The response should repeat word for word every line below from the one with "Chris jeans comfort" to the one with "Die sozialistische Verfassung", inclusive, and nothing else; leave pictures out.

EXTRACTED DATA =>
○ ○ ○ ○ ○

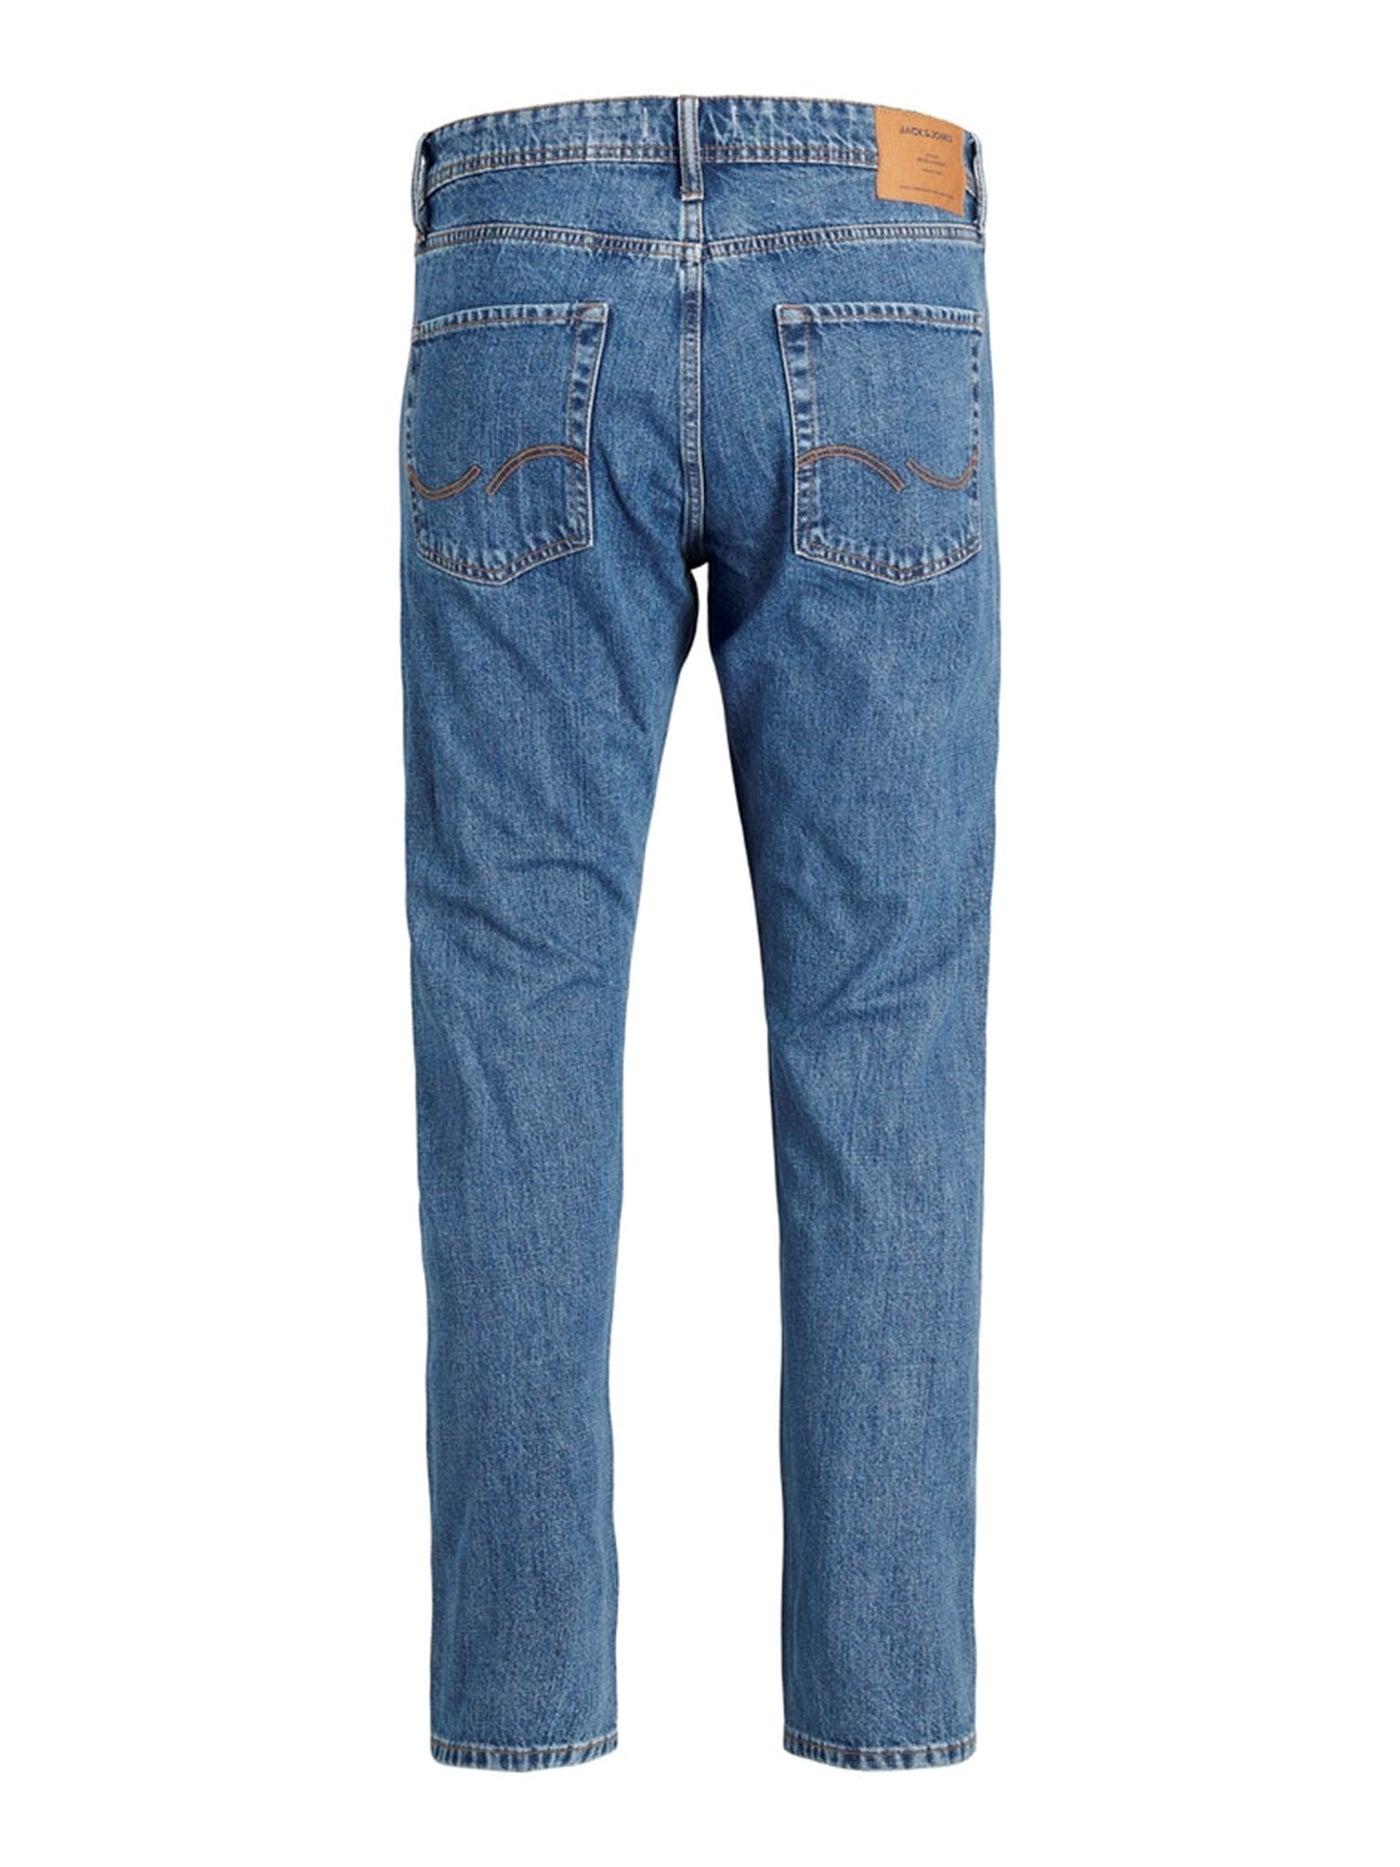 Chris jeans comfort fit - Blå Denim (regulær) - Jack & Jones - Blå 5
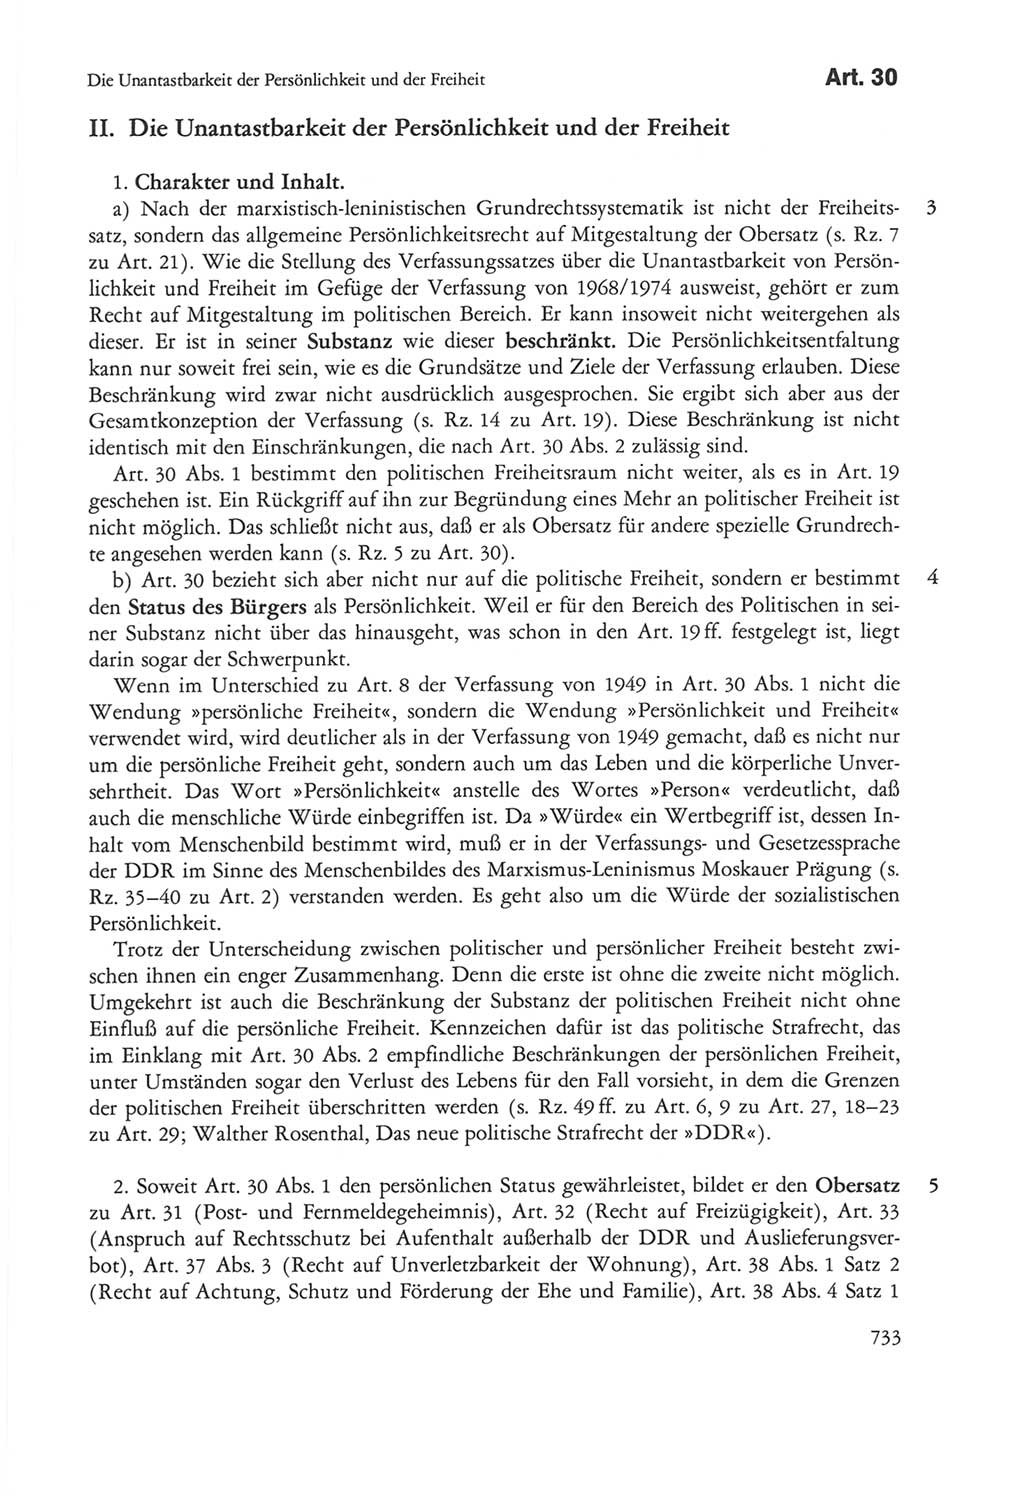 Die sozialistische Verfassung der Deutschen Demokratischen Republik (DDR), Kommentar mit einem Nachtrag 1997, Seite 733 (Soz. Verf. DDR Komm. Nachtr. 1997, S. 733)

○ ○ ○ ○ ○

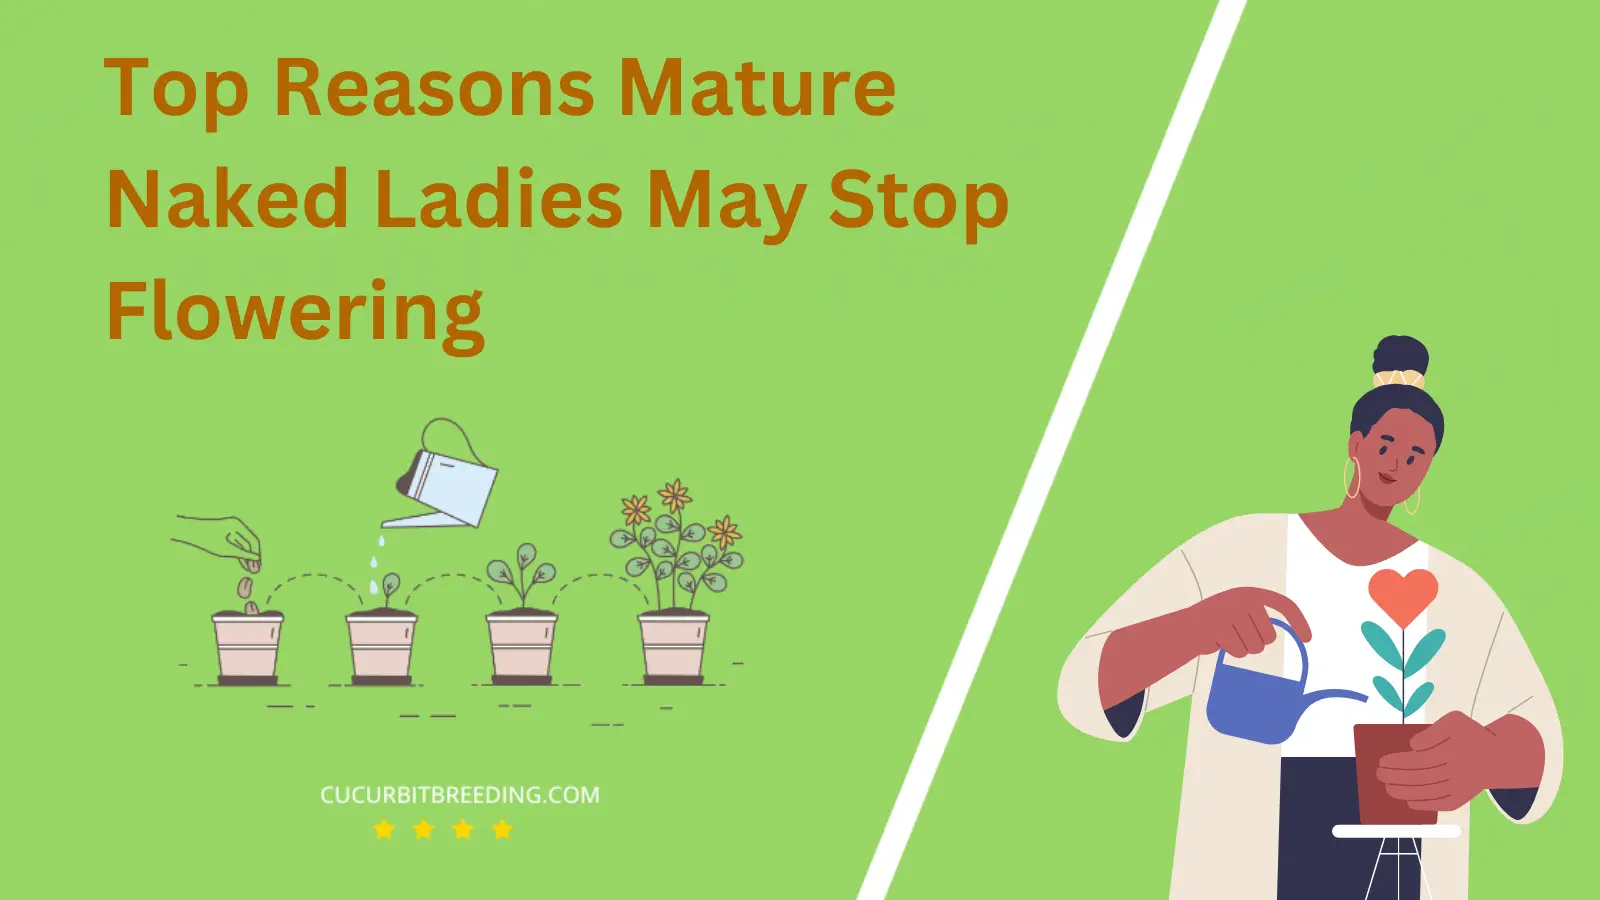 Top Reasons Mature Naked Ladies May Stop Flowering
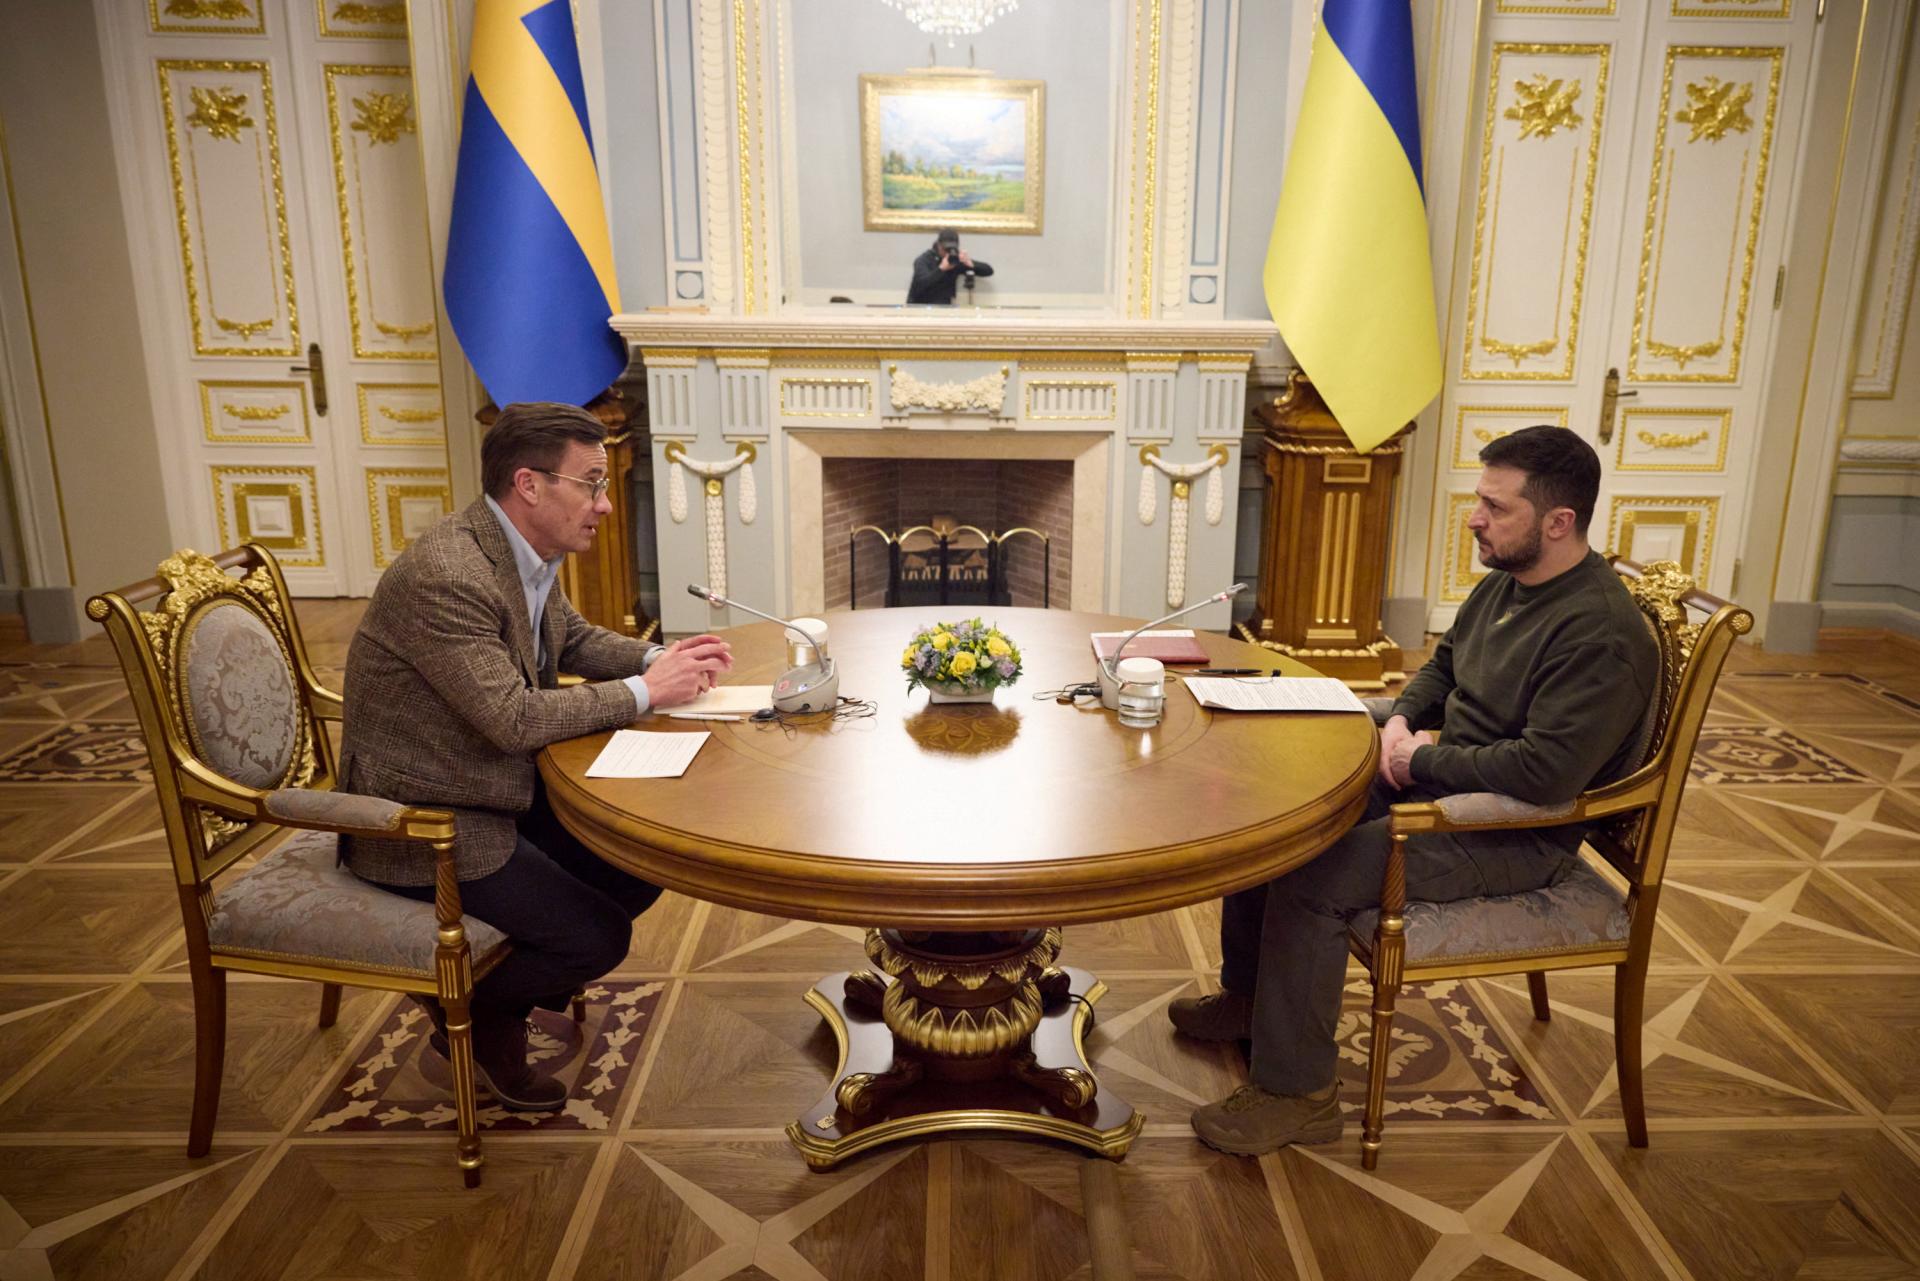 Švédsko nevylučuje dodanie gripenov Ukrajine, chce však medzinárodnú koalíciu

○ ○ ○ ○ ○

WRITTEN ANSWER =>
 Chris jeans comfort fit - Blå Denim (regulær) - Jack & Jones - Blå 5
 Die sozialistische Verfassung der Deutschen Demokratischen Republik (DDR), Kommentar mit einem Nachtrag 1997, Seite 733 (Soz. Verf. DDR Komm. Nachtr. 1997, S. 733)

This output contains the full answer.